The output file format can be specified with `-f`, and the default setting is `.gz`. The resulting file will be

```
$ cat test_data/2-grams.sorted
38900
the // 1
the function 94
the if 3
the code 126
the compiler 117
...
```

### 2. Indexing

The executable `index` builds a language model from (sorted) *N*-gram counts files, named `-grams.sorted.gz`, and writes it into a binary file. The input file format can be specified with `-f`, and the default setting is `.gz`.

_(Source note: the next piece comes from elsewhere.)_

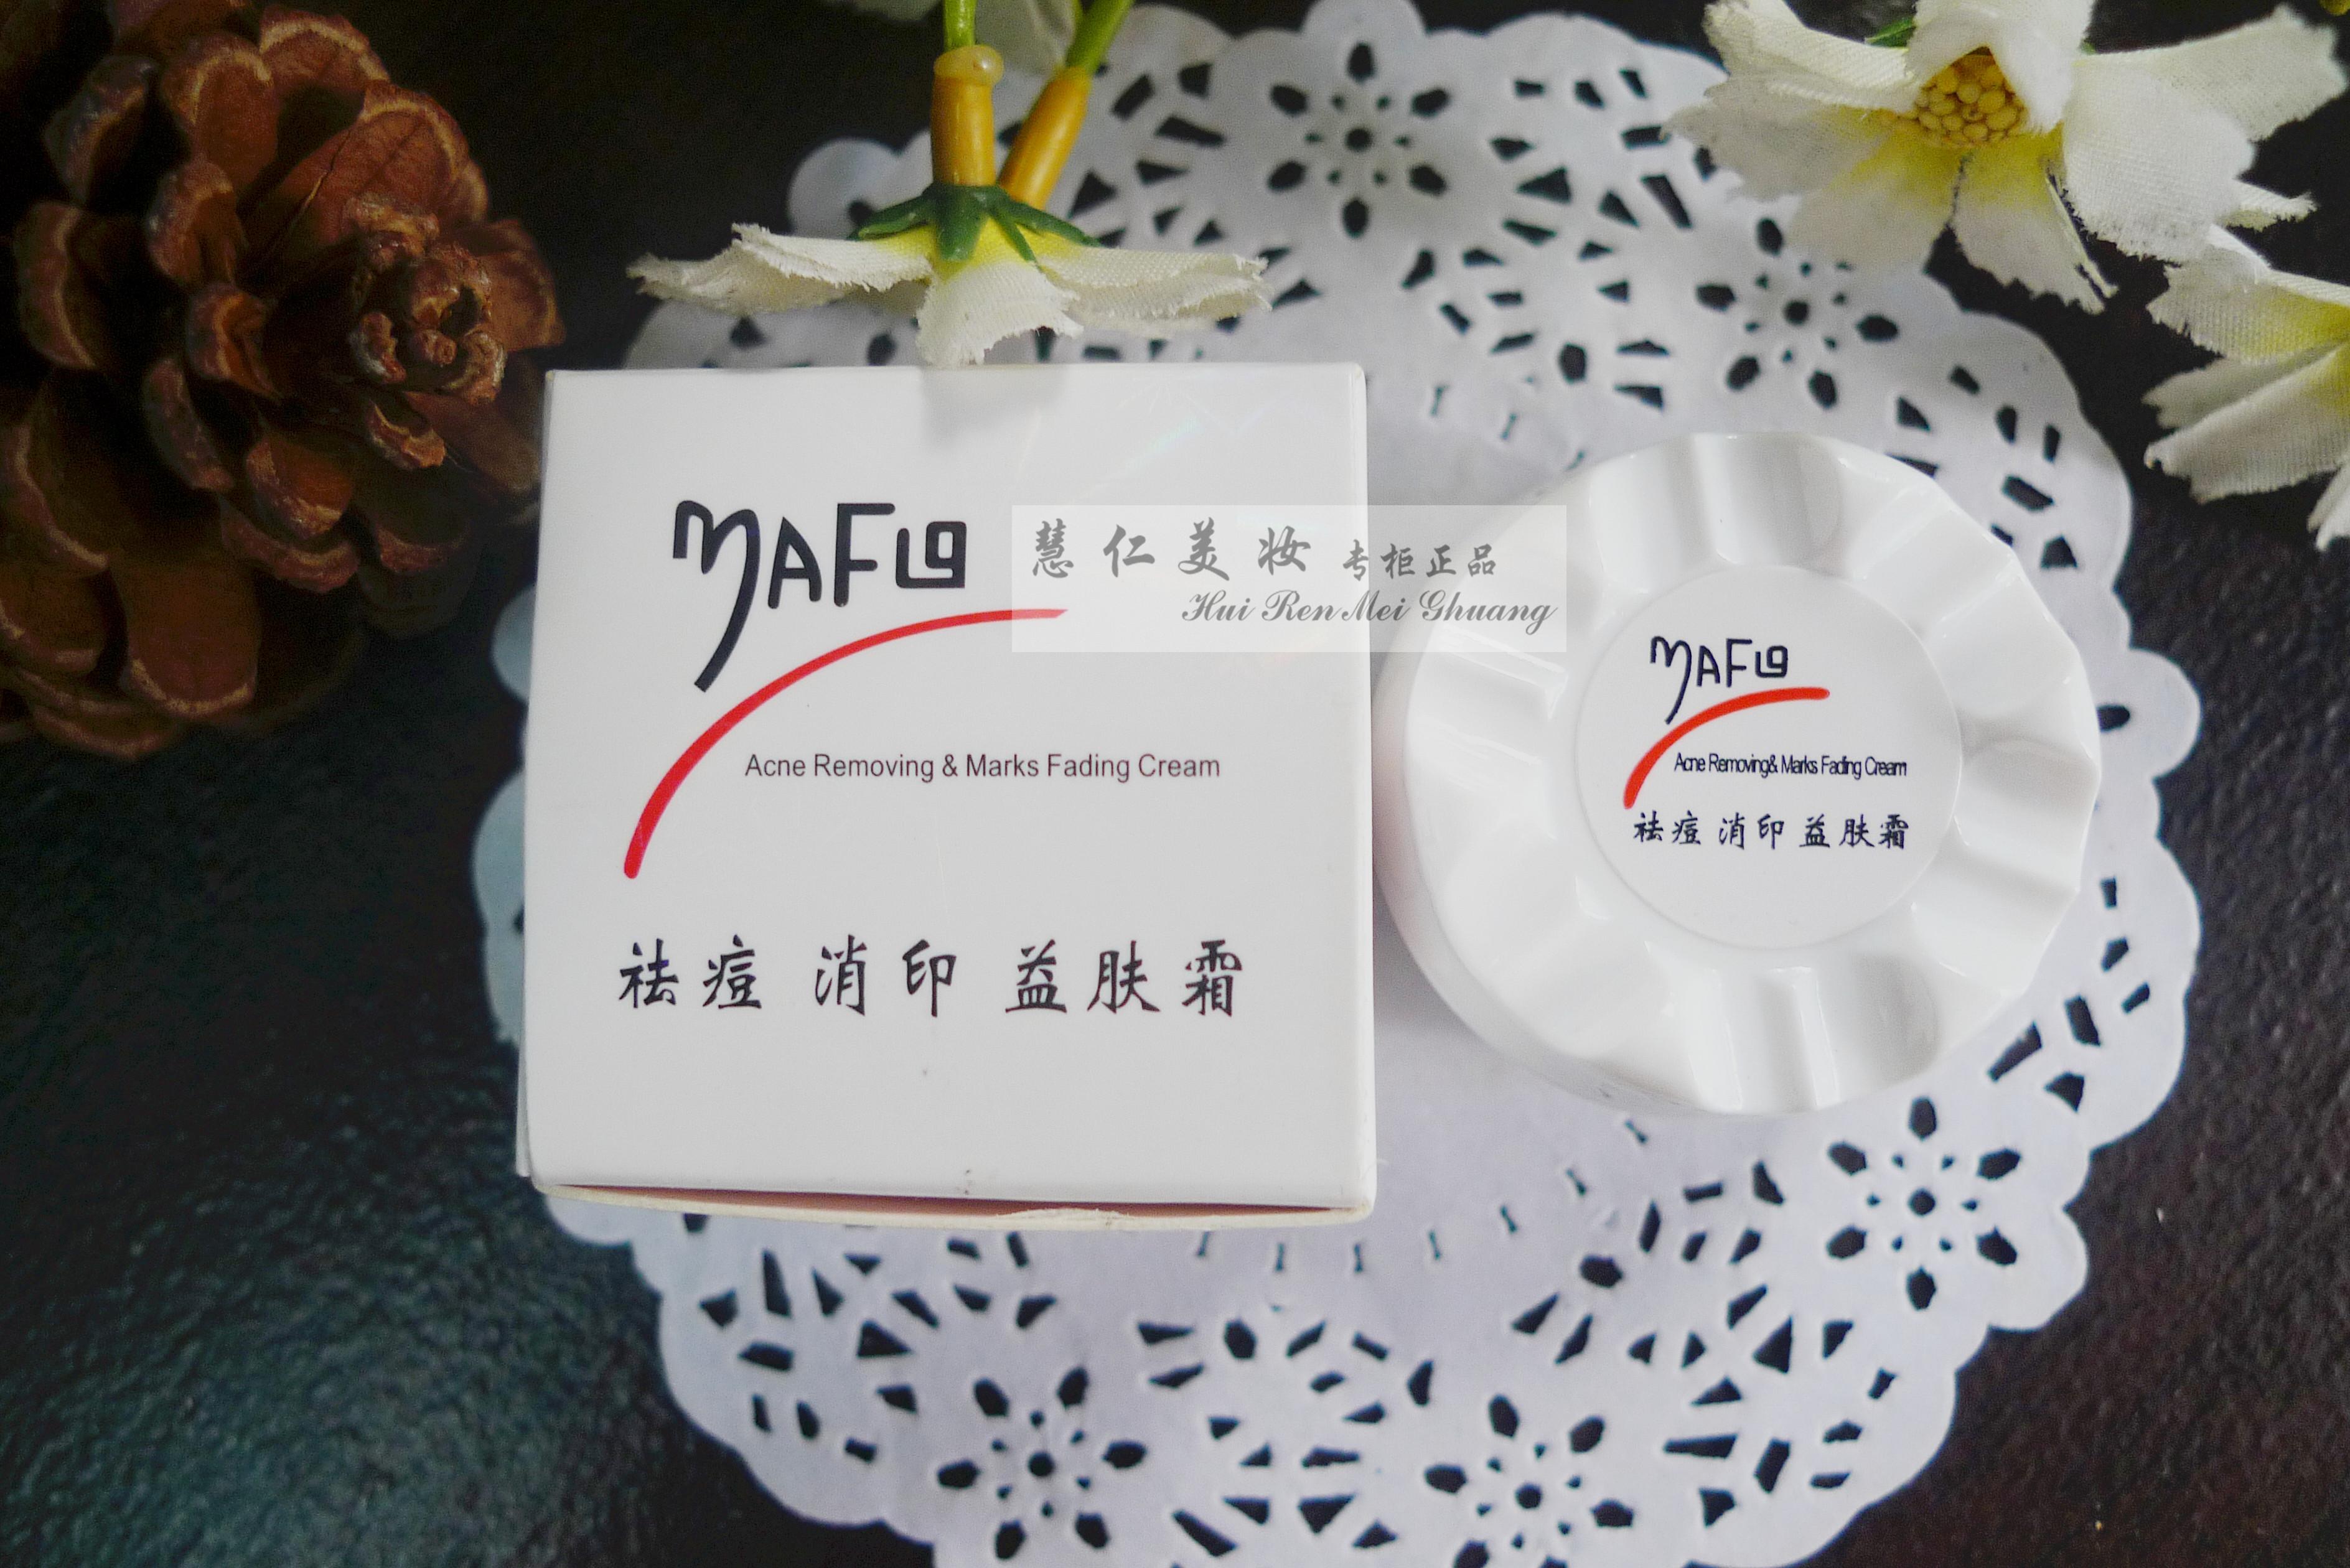 maflg台湾雅芙益肤霜10g 买4个包邮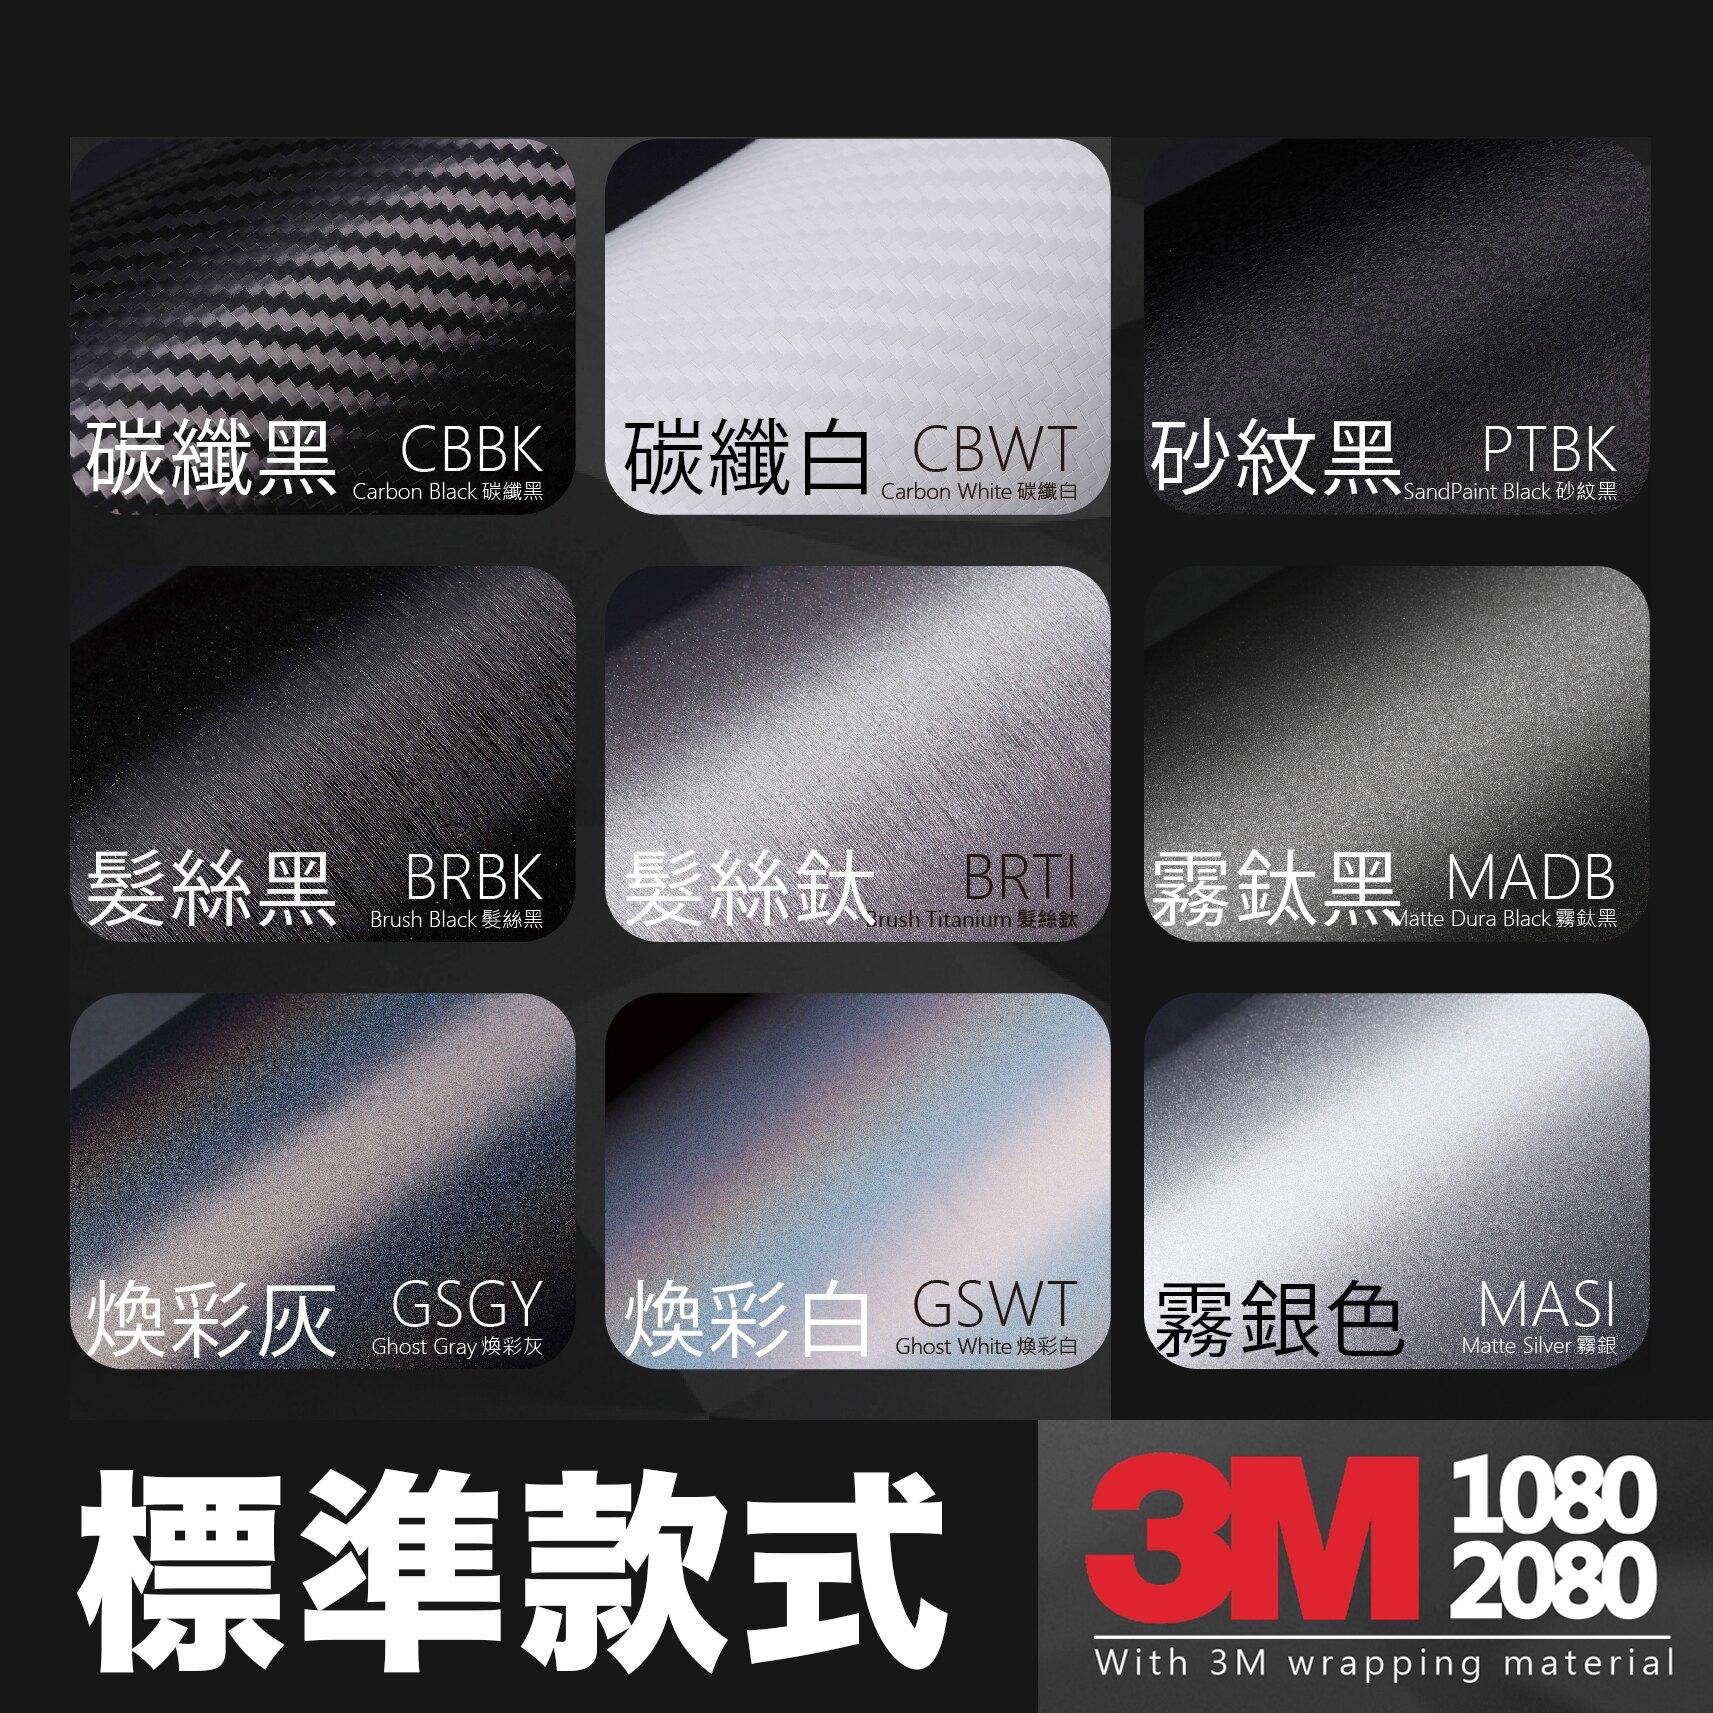 LIFE+GUARD 相機 鏡頭 包膜 SIGMA 14-24mm F2.8 DG DN Art (E-mount / L-mount)  (標準款式)

For example, the following command builds a language model from *N*-gram counts files (*N*=1..5) placed in directory `test_data` and writes it into `index.bin`.

```
$ cargo run --release -p tools --bin index -- -n 5 -i test_data -o index.bin
Input files: ["test_data/1-grams.sorted.gz", "test_data/2-grams.sorted.gz", "test_data/3-grams.sorted.gz", "test_data/4-grams.sorted.gz", "test_data/5-grams.sorted.gz"]
Counstructing the index...
Elapsed time: 0.190 [sec]
252550 grams are stored.
Writing the index into "index.bin"...
Index size: 659366 bytes (0.629 MiB)
Bytes per gram: 2.611 bytes
```

As the standard output shows, the model file takes only 2.6 bytes per gram.

### 3. Lookup

The executable `lookup` provides a demo to lookup *N*-grams, as follows.

```
$ cargo run --release -p tools --bin lookup -- -i index.bin
Loading the index from "index.bin"...
Performing the lookup...
> take advantage
count = 8
> only 64-bit execution
count = 1
> Elias Fano
Not found
>
Good bye!
```

### 4. Memory statistics

The executable `stats` shows the breakdowns of memory usages for each component.

```
$ cargo run --release -p tools --bin stats -- -i index.bin
Loading the index from "index.bin"...
{"arrays":[{"pointers":5927,"token_ids":55186},{"pointers":19745,"token_ids":92416},{"pointers":25853,"token_ids":107094},{"pointers":28135,"token_ids":111994}],"count_ranks":[{"count_ranks":5350},{"count_ranks":12106},{"count_ranks":13976},{"count_ranks":14582},{"count_ranks":14802}],"counts":[{"count":296},{"count":136},{"count":72},{"count":56},{"count":56}],"vocab":{"data":151560}}
```

## Benchmark

At the directory `bench`, you can measure lookup times using *N*-gram data in `test_data` with the following command:

```
$ RUSTFLAGS="-C target-cpu=native" cargo bench
count_lookup/tongrams/EliasFanoTrieCountLm
time: [3.1818 ms 3.1867 ms 3.1936 ms]
```

The reported time is the total elapsed time for looking up 5K random grams.
The above result was actually obtained on my laptop PC (Intel i7, 16GB RAM),
i.e., `EliasFanoTrieCountLm` can look up a gram in 0.64 micro sec on average.

## Todo

- Add fast elias-fano and pertitioned elias-fano
- Add minimal perfect hashing
- Add remapping
- Support probability scores
- Make `sucds::EliasFano` faster

## Licensing

This library is free software provided under MIT.